Dirty Picture: A free-wheeling, frank account of the rise and fall of the underground comic scene. Doherty, a senior editor at Reason magazine and author of This Is Burning Man, serves up a tale of underground comix, “the ‘x’ to mark them as distinct from the mainstream comics to which they were in opposition.” Perhaps the best known of their creators is cartoonist R. Crumb, who, despite what today are considered “problematic” depictions of gender and race, has evolved into an artist taken seriously enough to exhibit at major museums. Doherty’s pioneering players share the idea that just as music and film were breaking free of conventions in the countercultural era of the 1960s, so comix, “born of smartass rebel kids,” could become revolutionary vehicles for the mores and attitudes of the day. A major difference was that music and film had big corporations behind them, while comix were largely homegrown, underfunded affairs. Crumb, through the pages of Zap! and other seat-of-the-pants magazines, became internationally famous.
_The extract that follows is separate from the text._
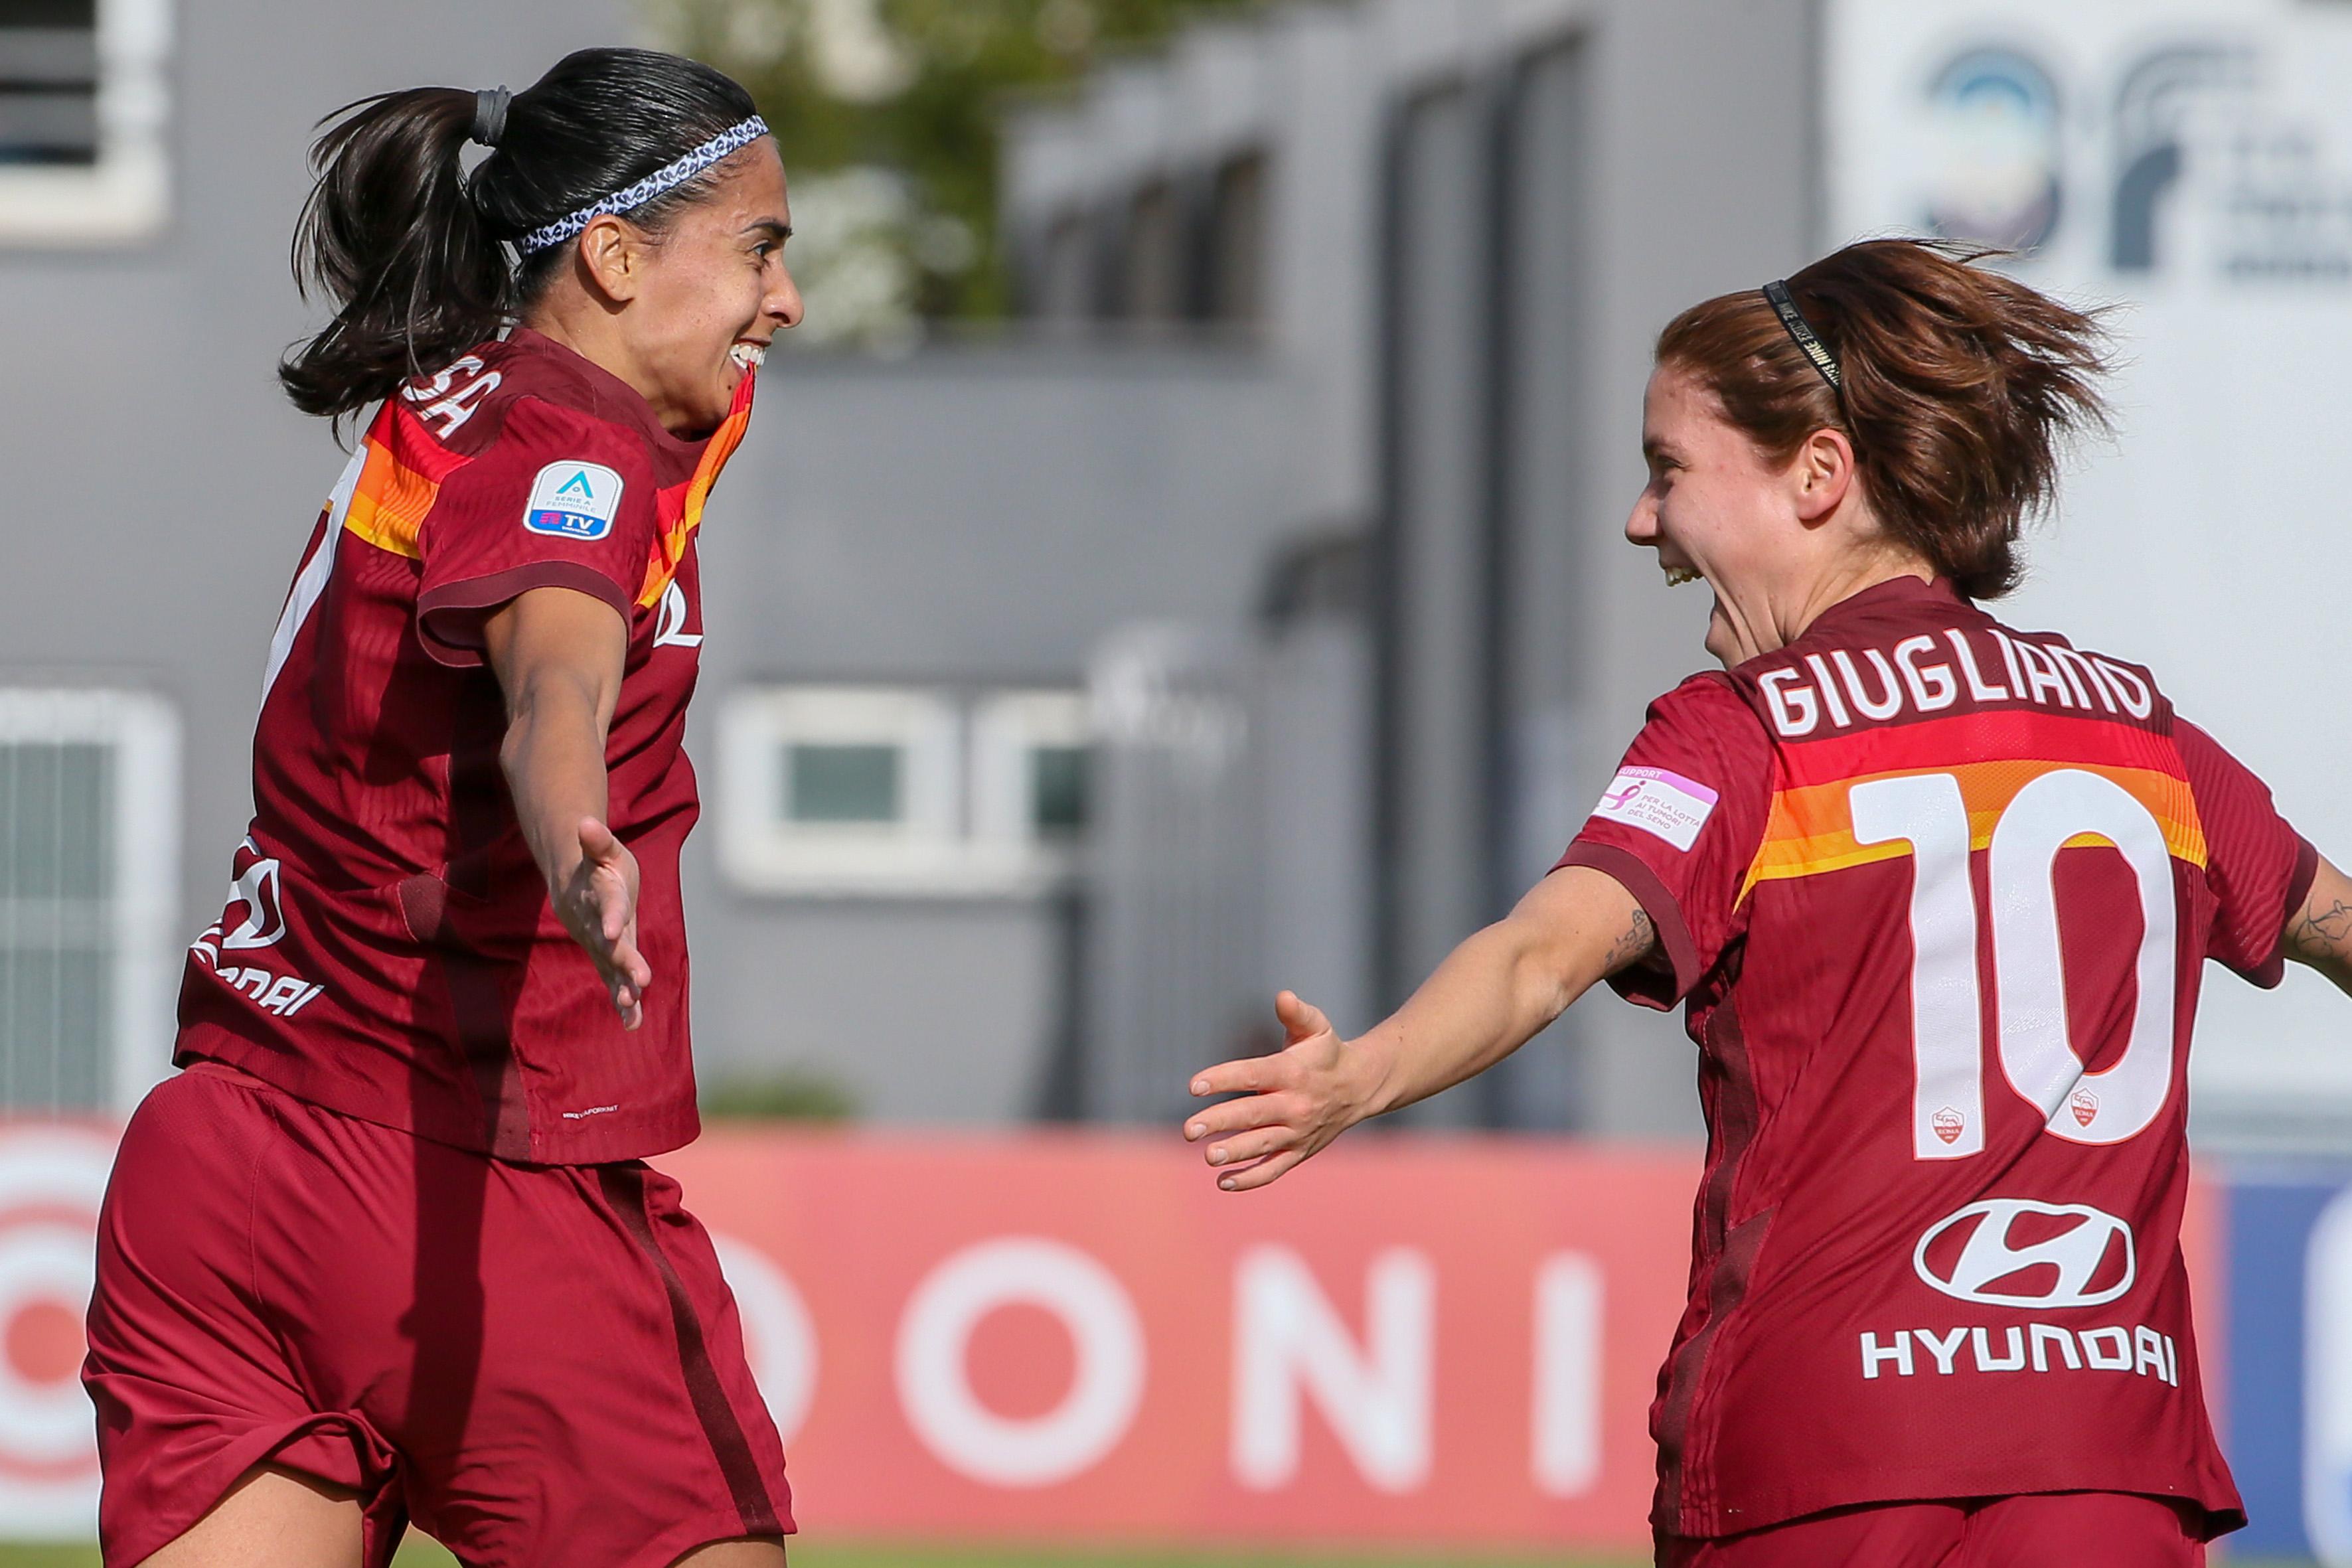 AS Roma v US Sassuolo - Women's Serie A

So did Art Spiegelman, who early on “realized he could not make himself draw something he wasn’t intellectually or emotionally drawn to for the rest of his life” and who began to imagine a Holocaust-era tale of cats and mice half a century ago, well beforeMaus brought him to mainstream attention. Doherty pokes into every corner of the scene, recounting how the always entrepreneurial Stan Lee tried to co-opt it with a Marvel sort-of-comix book and noting that where only a few male artists are remembered today, plenty of women such as Trina Robbins made great art and deserve more attention. While the author closes with a grim recitation of artists and publishers who fell victim to drugs, alcohol, or the various ailments of old age, he observes that comix exert cultural influence today. Lively, well researched, and full of telling anecdotes; just the thing for comix aficionados and collectors by Brian Doherty

Rob Salkowitz reviews DIRTY PICTURES by Brian Doherty in ICv2

Rob Salkowitz, author of Comic-Con and the Business of Pop Culture, reviewed the book in ICv2, the #1 source of news and information for the buyers, gatekeepers, and tastemakers on the front lines of the geek culture business, writing in the review titled “Dirty Pictures Sheds Light on a Corner of the Comics Business that Still Hasn’t Received Its Due:”
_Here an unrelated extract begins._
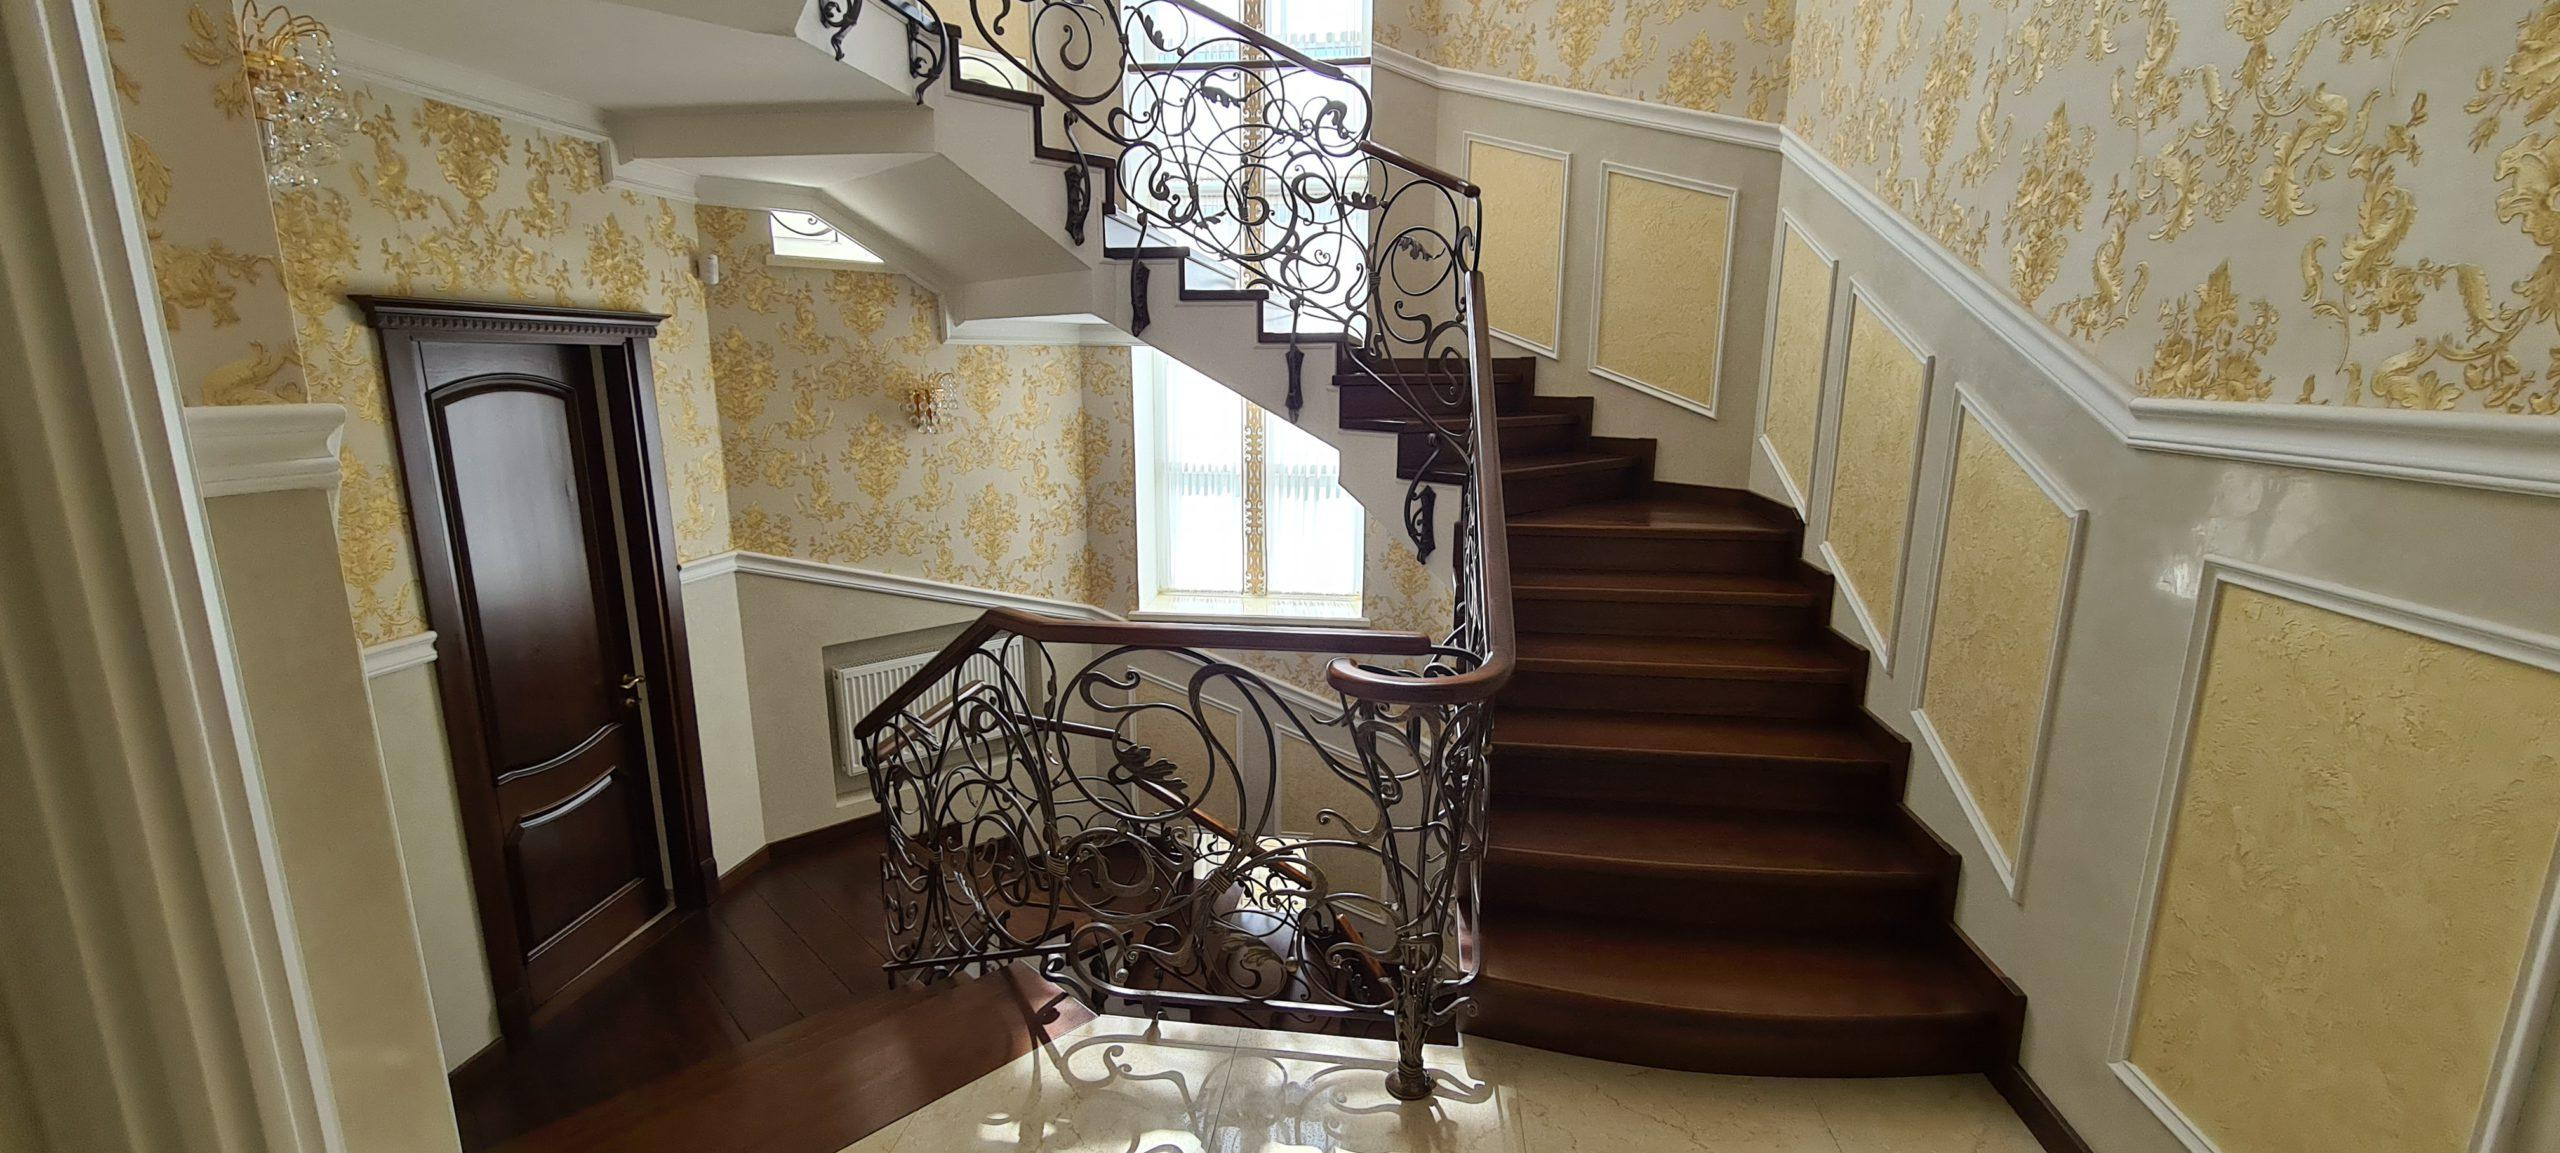 Лестница - фото 10

…On the comics side, he knows his stuff, and when he doesn’t, he knows who to ask. A lot of his information comes from firsthand interviews with participants in the movement, and he has clearly cross-checked some of the shaggier shaggy dog stories rather than just repeat them for posterity…
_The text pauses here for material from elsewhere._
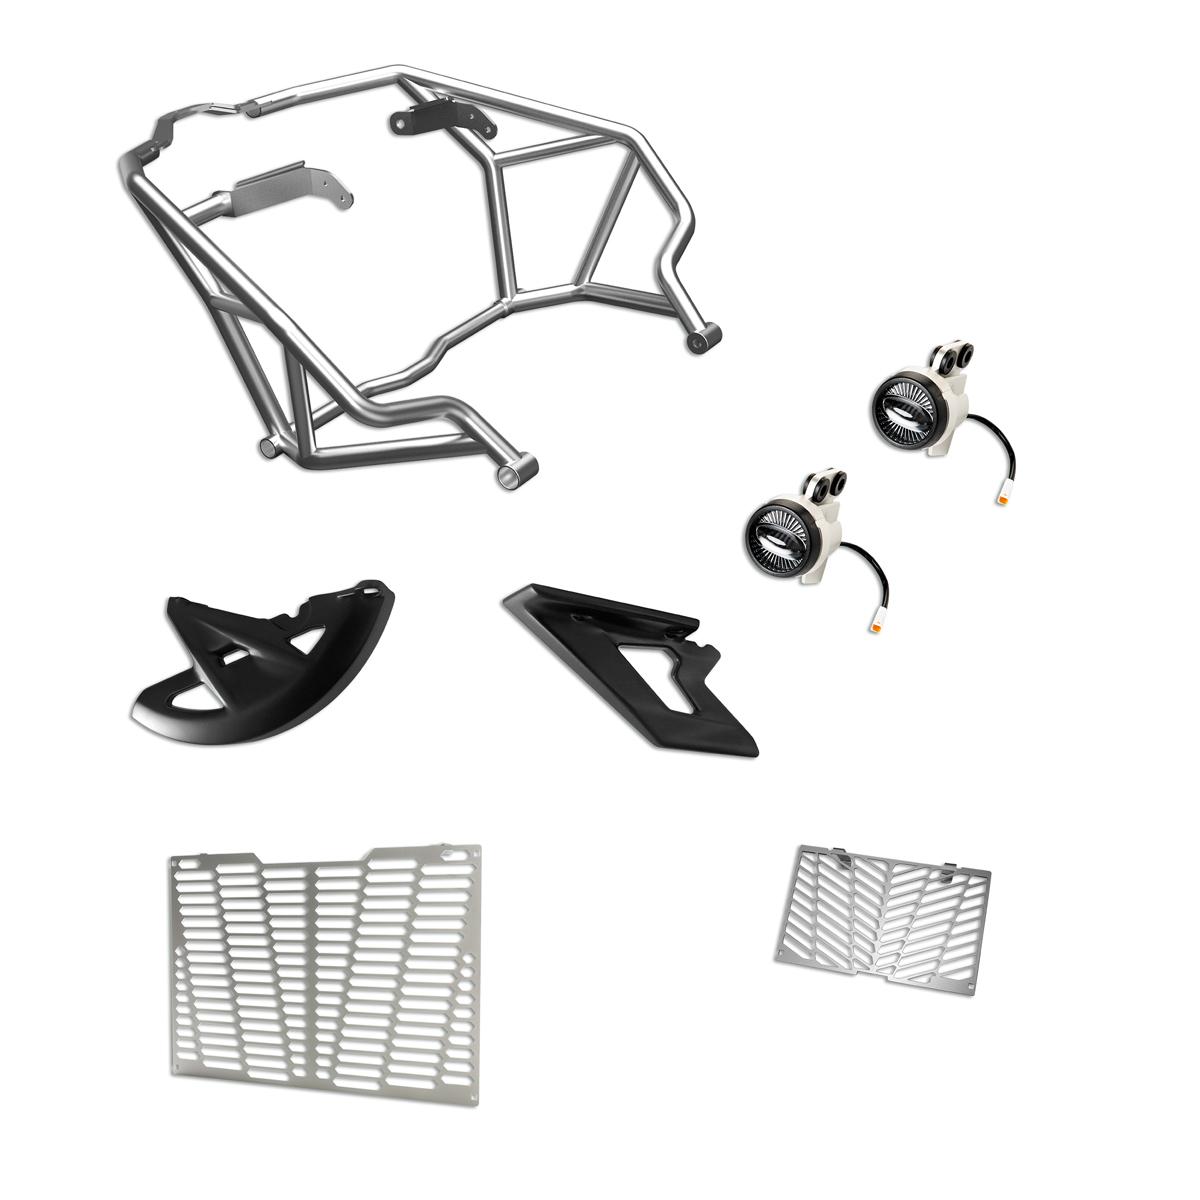 Multistrada 1200 Enduro accessory package.

…Dirty Pictures is at its best when it connects the dots of the personal and professional relationships, as well as the connections between underground comix and its seemingly very distant cousin, the mainstream comics industry…

…Doherty’s focus on characters and personalities brings the historical details to life. It also illuminates the relative socio-economic diversity of a movement that gets all lumped together, but actually comes from a number of different places: see the book’s hilariously long subtitle for a clue…

…Doherty covers the pivotal role played by publishers, distributors and retailers, using the same thorough journalistic, multi-faceted approach…

…In a valedictory chapter, Doherty touches on the “contested legacy” of the undergrounds, which used shocking imagery to shatter so many boundaries half a century ago, but appear coarse and offensive through the lens of 21st century cultural values and sensitivities…

…If this topic interests you at all, Dirty Pictures is likely to be the most complete and authoritative account we’re going to get, and is well worth a read…

Dirty Pictures: How an Underground Network of Nerds, Feminists, Misfits, Geniuses, Bikers, Potheads, Printers, Intellectuals, and Art School Rebels Revolutionized Art and Invented Comix is published by Abrams Press.

Brian Doherty is a senior editor at Reason magazine and is the author of This is Burning Man: The Rise of a New American Underground (Little, Brown, 2004). His reporting, essays, and reviews have appeared in the New York Times, the Wall Street Journal, the Washington Post, Mother Jones, and Fantagraphics’s The Best American Comics Criticism, among others. He has also served as a judge for the comics industry’s Eisner Awards.